#### [TASK STATEMENT]
Every line of the listing below should come back exactly as written, with no images.

#### [SUPPLIED DATA]

....................

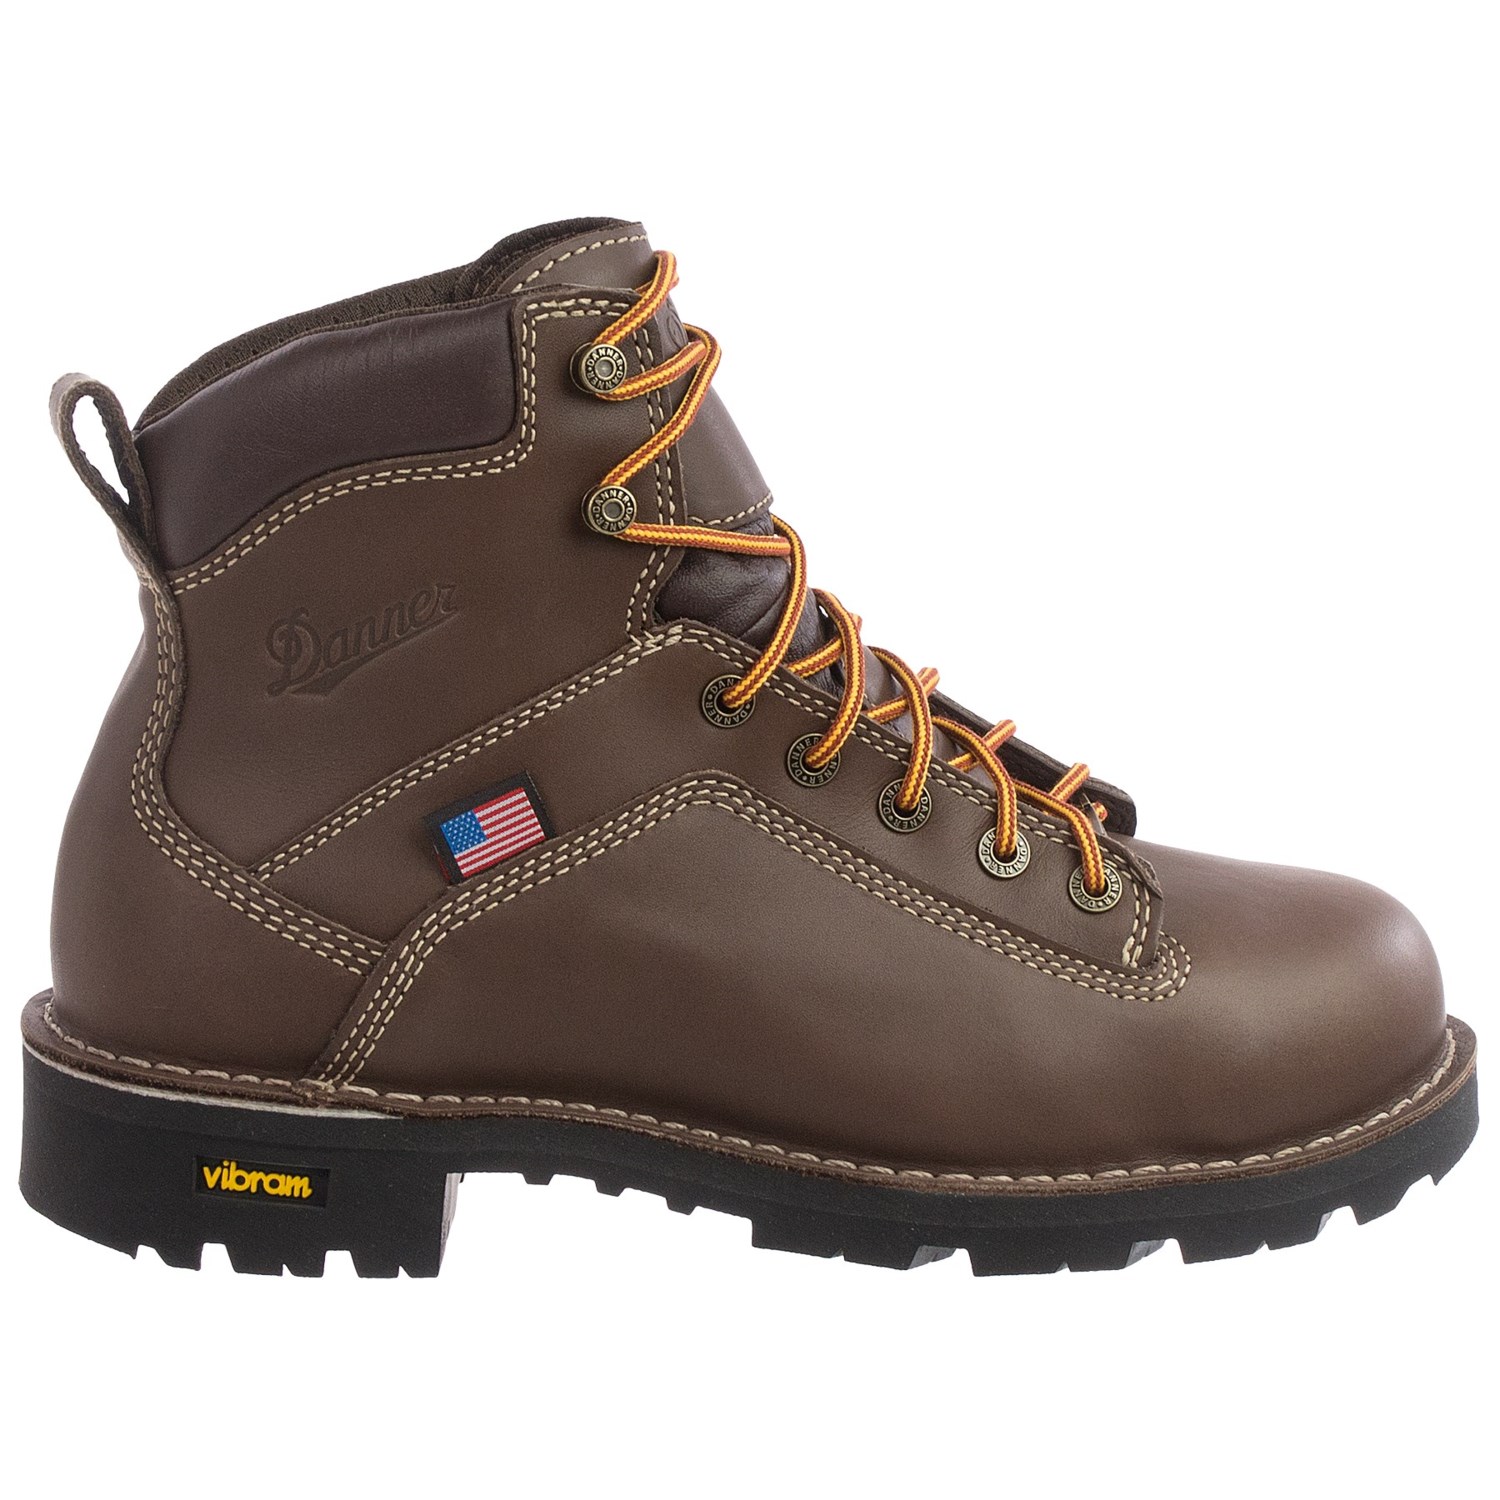 Danner Quarry Gore-Tex® Work Boots (For Men) - Save 29%
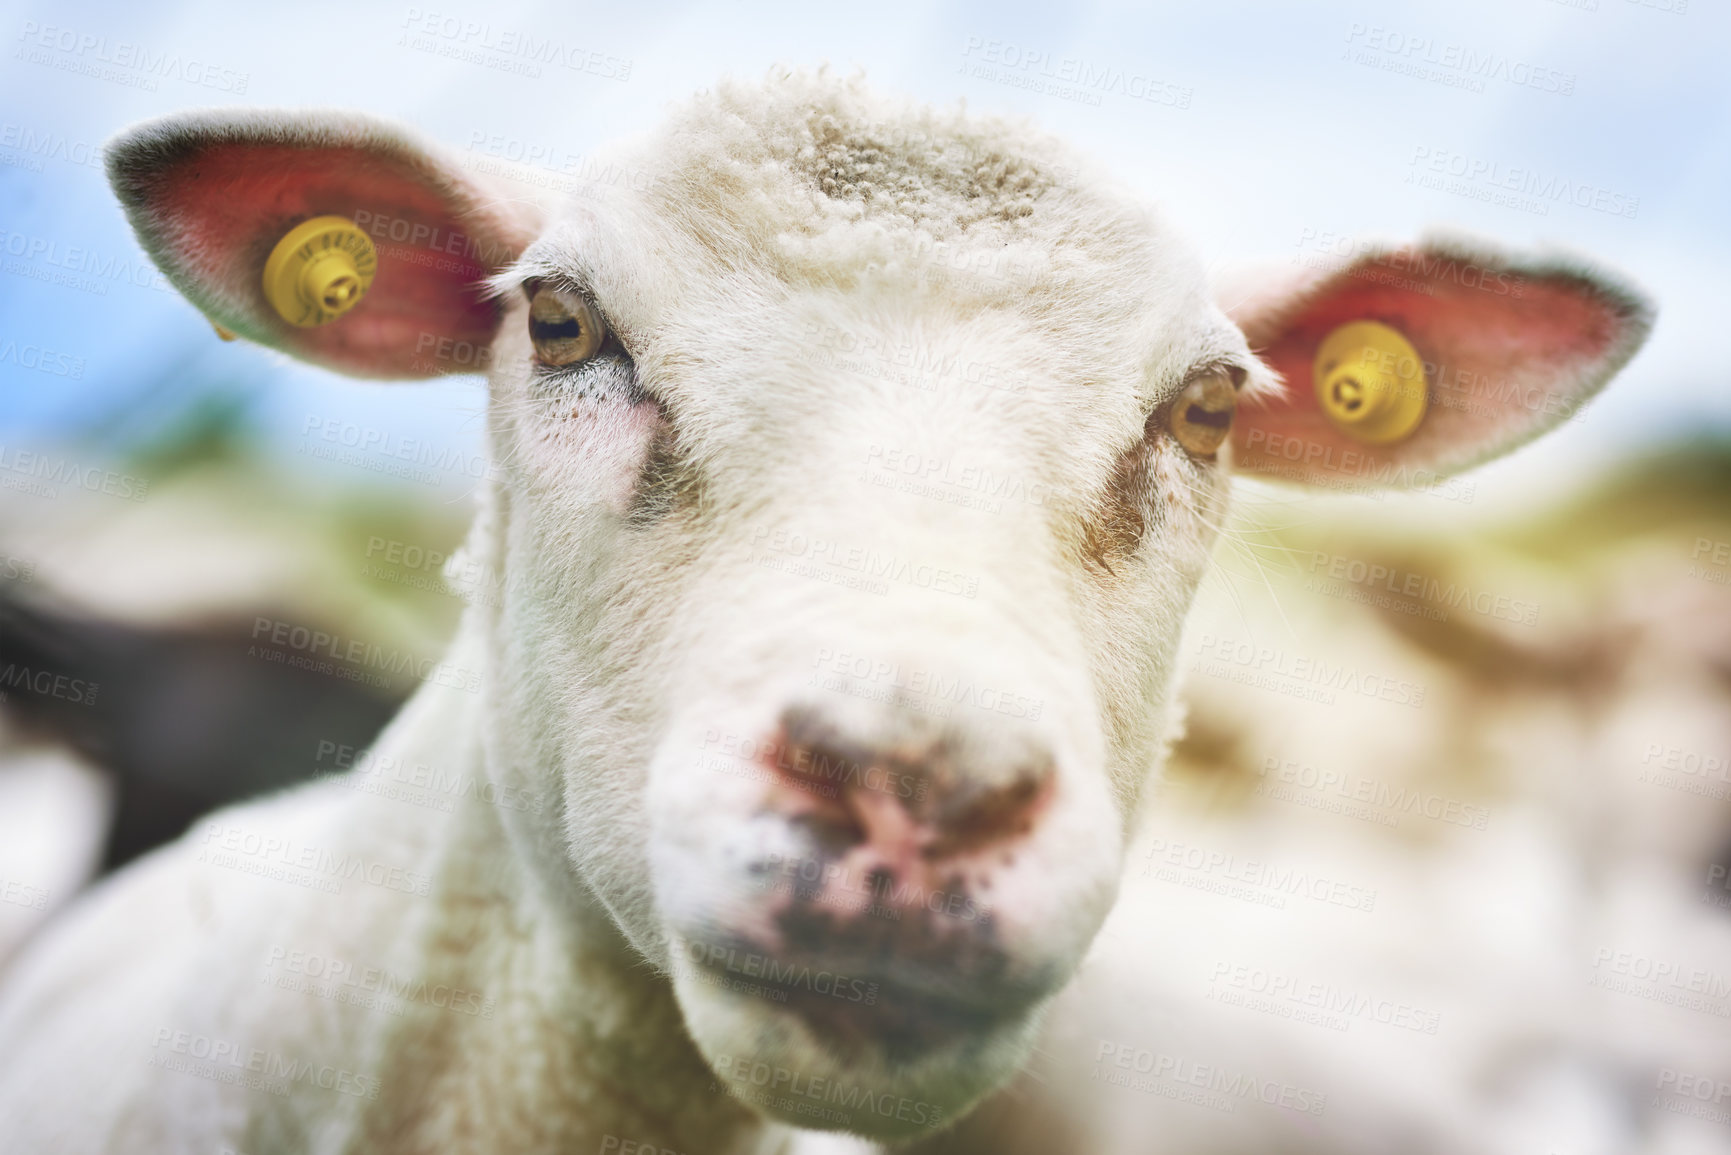 Buy stock photo Cropped shot of sheep on a farm
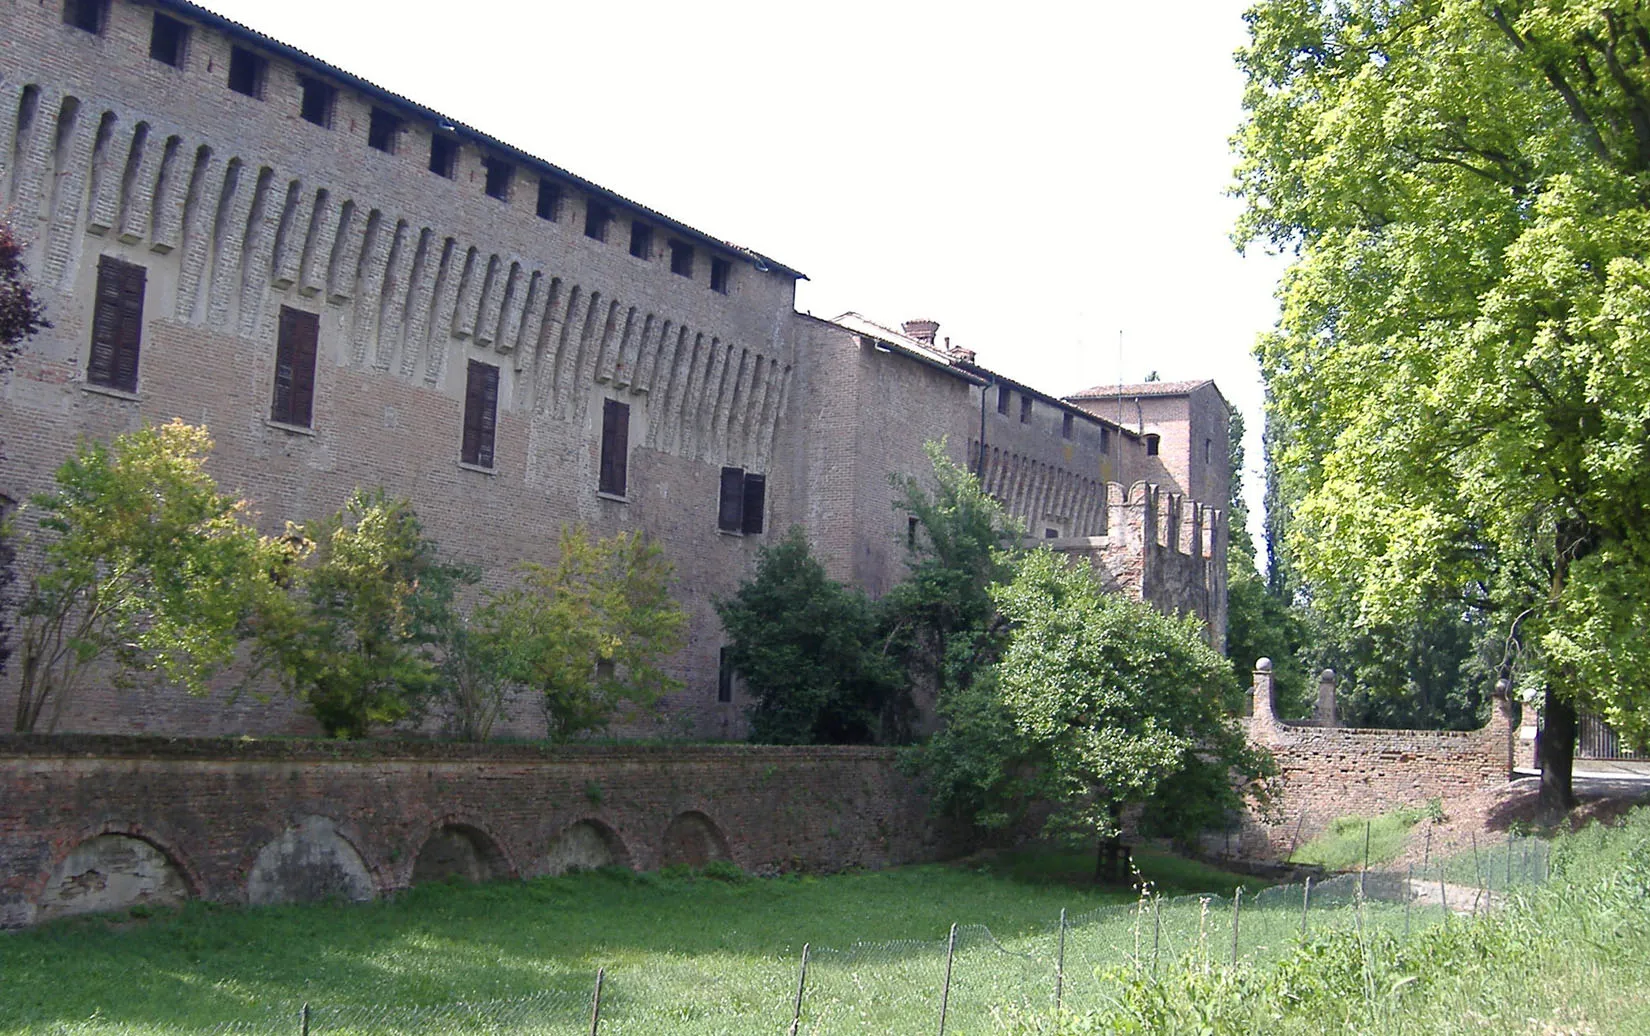 Photo showing: The castle of Maccastorna, Italy

....................

#### [EXERCISE ANSWER]
 Danner Quarry Gore-Tex® Work Boots (For Men) - Save 29%
 Buy stock photo Cropped shot of sheep on a farm
 Photo showing: The castle of Maccastorna, Italy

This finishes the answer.